Which regex can I use to find exactly two sub-strings in a longer string?


I am completely new to RegEx and I am struggling even with a simple case.

I would like to identify the following cases, for example:

IR!GBP!INDEX.GBP
IR!GBP!INDEX.USD

where the sub-string GBP (or USD) appears exactly twice in the bigger string. The second time, it can appear only after the INDEX. sub-string.

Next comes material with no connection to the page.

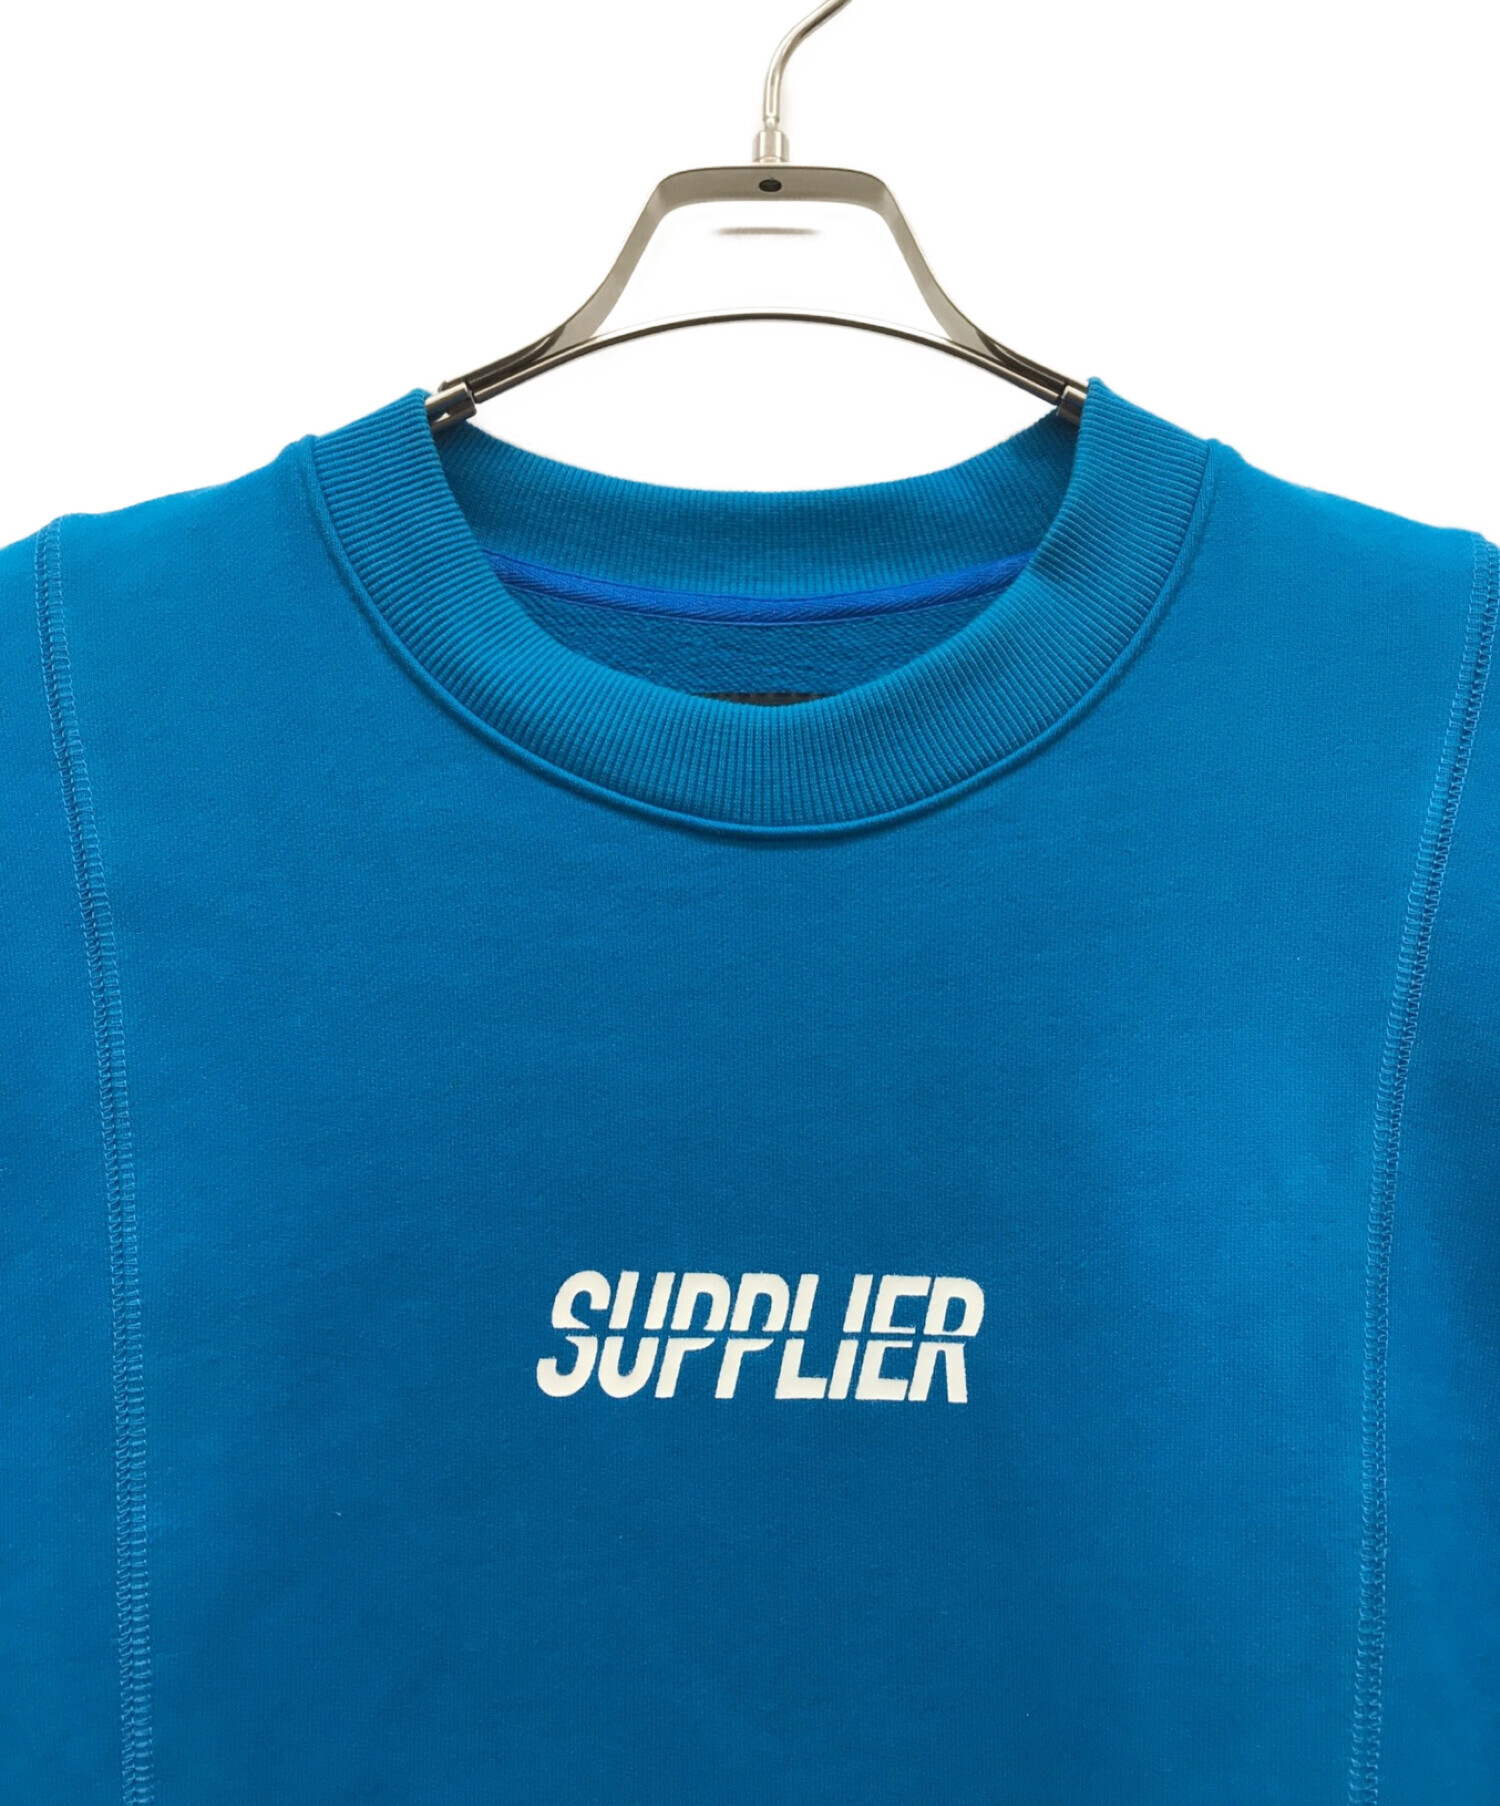 SUPPLIER (サプライヤー) ロゴスウェット ブルー サイズ:XL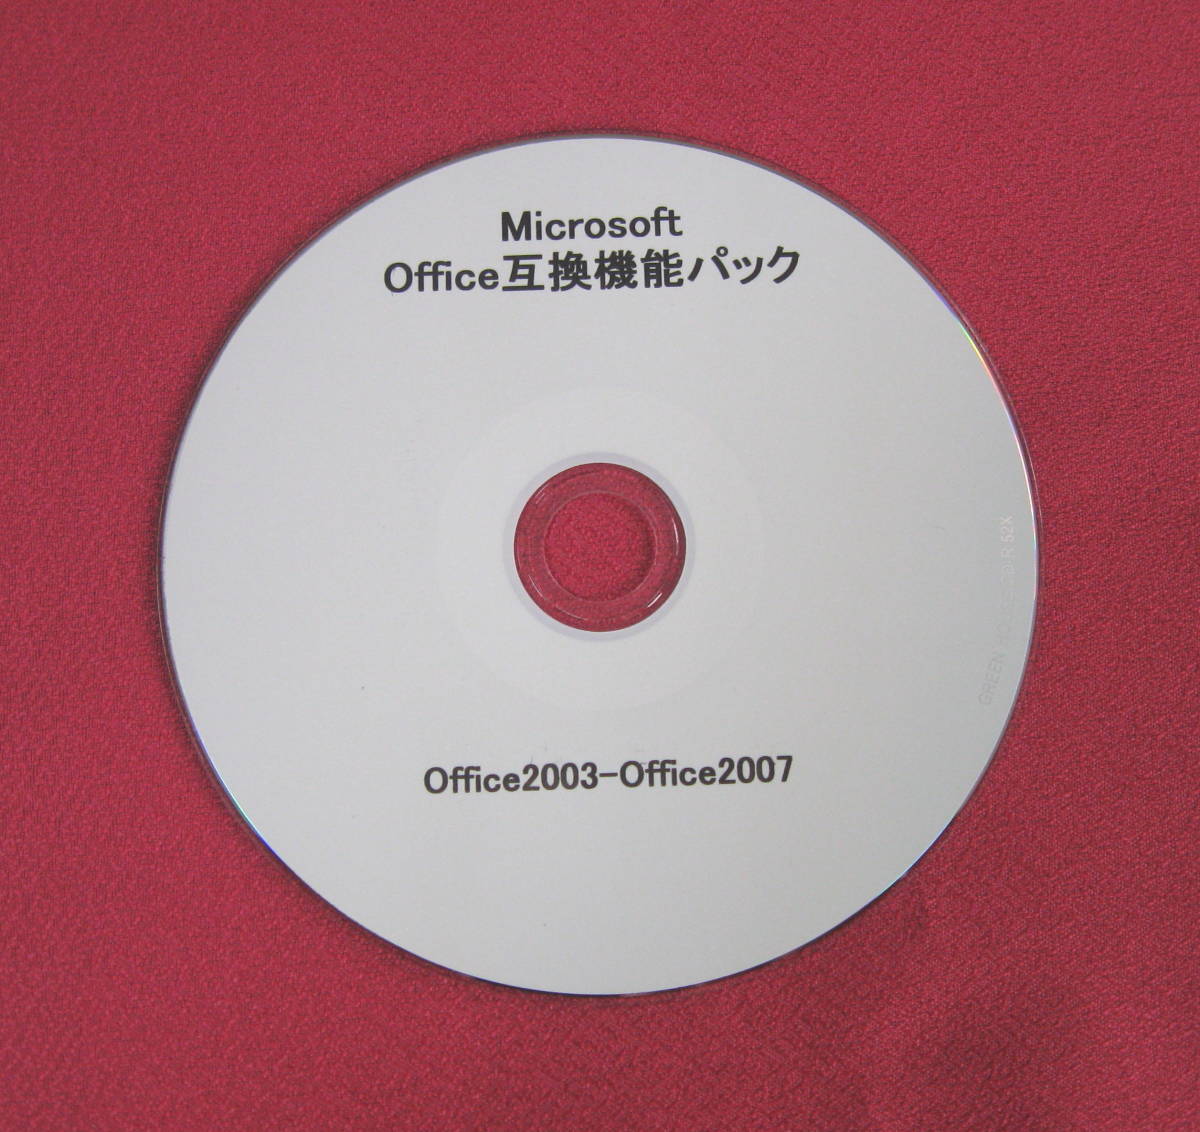 ◎便利な MicrosoftOffice互換機能パック・Office2007(2010/2013他)などのファイルをOffice2003などで利用できる◎◎◎ ◎ ◎_画像1

How can I detect it via RegEx?

The big string is formed as follows: the first bit is always "IR", the second is a currency, the third another string, all of them separated by the exclamation mark.

For example, IR!GBP!COUNTERPARTY.USD or IR!USD!INDEX.GBP should not return a match.

I hope my question is clear, and thanks a lot in advance for your help!

I tried various combinations with [a-zA-Z] and +? but ended up nowhere. I admit my inability!


Solution

  • To me it seems like the following ticks your boxes:

    ^IR!([A-Z]+)![A-Z]+\.\1$
    

    See an online demo. The pattern means:

    • ^IR! - Match start of string followed by exactly uppercase 'IR' and an exclamation mark;
    • ([A-Z]+) - A 1st capture group to hold the content of 1+ uppercase characters (your currency);
    • ![A-Z]+\. - A literal '!' before 1+ uppercase chars and a literal (escaped) dot;
    • \1 - Match the content of what was captured in the 1st group;
    • $ - End-line anchor.